XLang April Meeting Datashape Discussion - darpa-xdata/xlang GitHub Wiki

Andy presented comments from the first tables review:

why implement a new language for data management. Should we find existing work instead of reimplement? why use a language instead of just a library? Isn't this just a database schema or a serialization library?

Four Proposals Currently

use data shape (Continuum using this approach)
use thrift / AVPRO - (no current champion within XDATA)
build a way for us all to talk to C
Just doing tagging unions on the heap in C

Concern of not being able to represent complicated, hierarchical objects in TD (thunder dome)

AVRO can handle plugins, but we would have to heavily extend AVRO and our use would not be generally useful to AVRO. Discussion of engineering challenges: annotations - detailed information on top of basic datatypes can be carried through AVRO. It isn't processed by AVRO, so we could use annotation to represent.

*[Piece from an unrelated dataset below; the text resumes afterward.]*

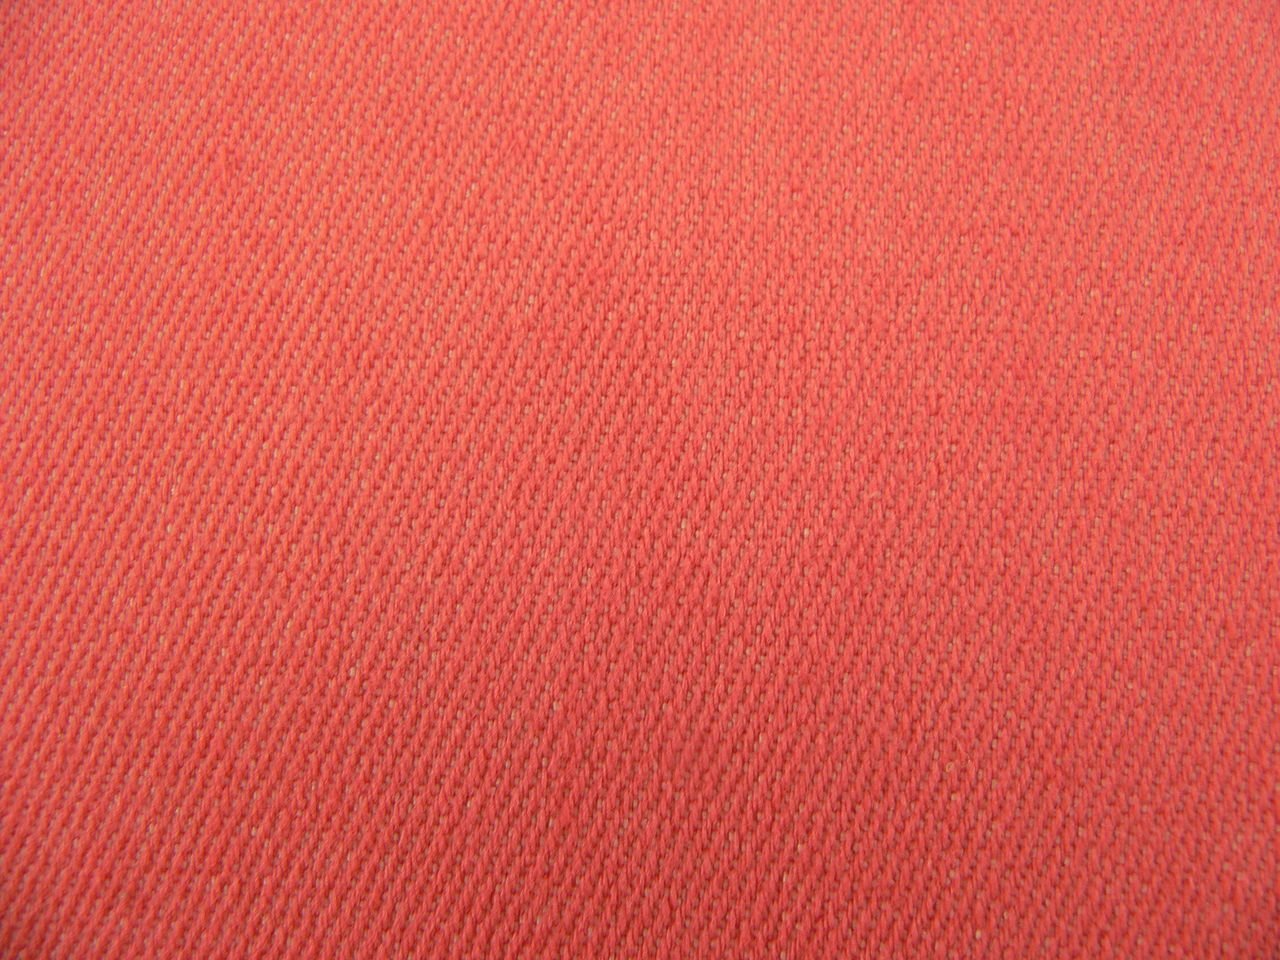 Coral цвет. Ткань кораллового цвета. Коралловый велюр. Текстура ткани. Красная джинсовая ткань.

Cap'N Proto designers feel that XDATA applications were an "off label" use of protobuf. Cap'n Proto has a message format, which happens to match a C x86 format (for arrays and primitive types). We cannot define our own in-memory format. They are specifically trying to prevent different layouts. They are focusing on a serialization format.

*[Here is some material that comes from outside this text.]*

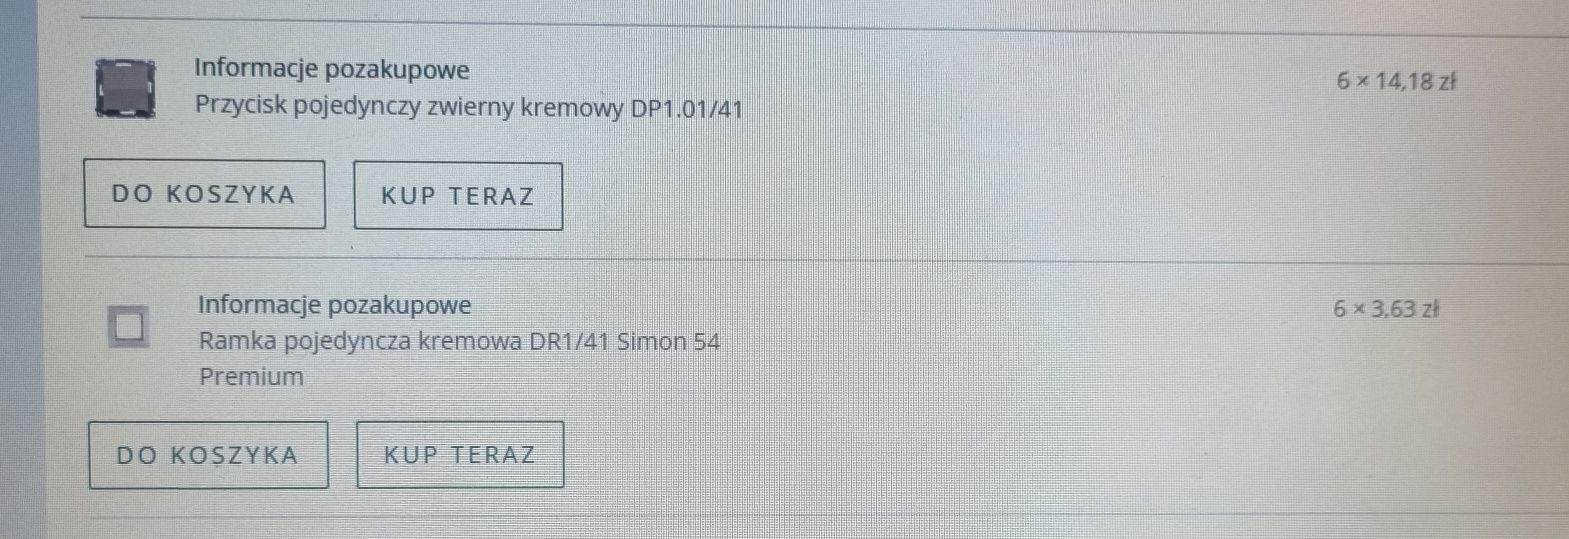 SIMONE przycisk pojedynczy zwierny kremowy DP1.01/41

Datascript - another data description language (data script.berlioz.de) that might inspire our work, but doesn't seem. [http://datascript.sourceforge.net]

Discussions of the tradeoffs of passing more complex datatypes

We certainly can interchange primitive types through TD, but how much farther (toward complex data interchange) do we want to go?

Current DSL / JVM implementation converts arrays of structures into columnar store - a list of arrays, where each array was one component of a structure.

Why not extend a serialization format? This is still an open question, but nobody in the current XDATA project can champion this approach. AVRO is likely to be the better choice than Thrift.

What cases of data interchange don't require copy & shuffle? We will need to copies at the CPU/GPU boundary but lets try to minimize copies at other parts of the interchange.

R is column-major organization, so it isn't the same orientation as most other languages. We decided there is a quite small set of datatypes that would reliably interchange between all the languages.

List of Use Cases we discussed

We are assuming that avoiding copies is important. Let's evaluate if this needed.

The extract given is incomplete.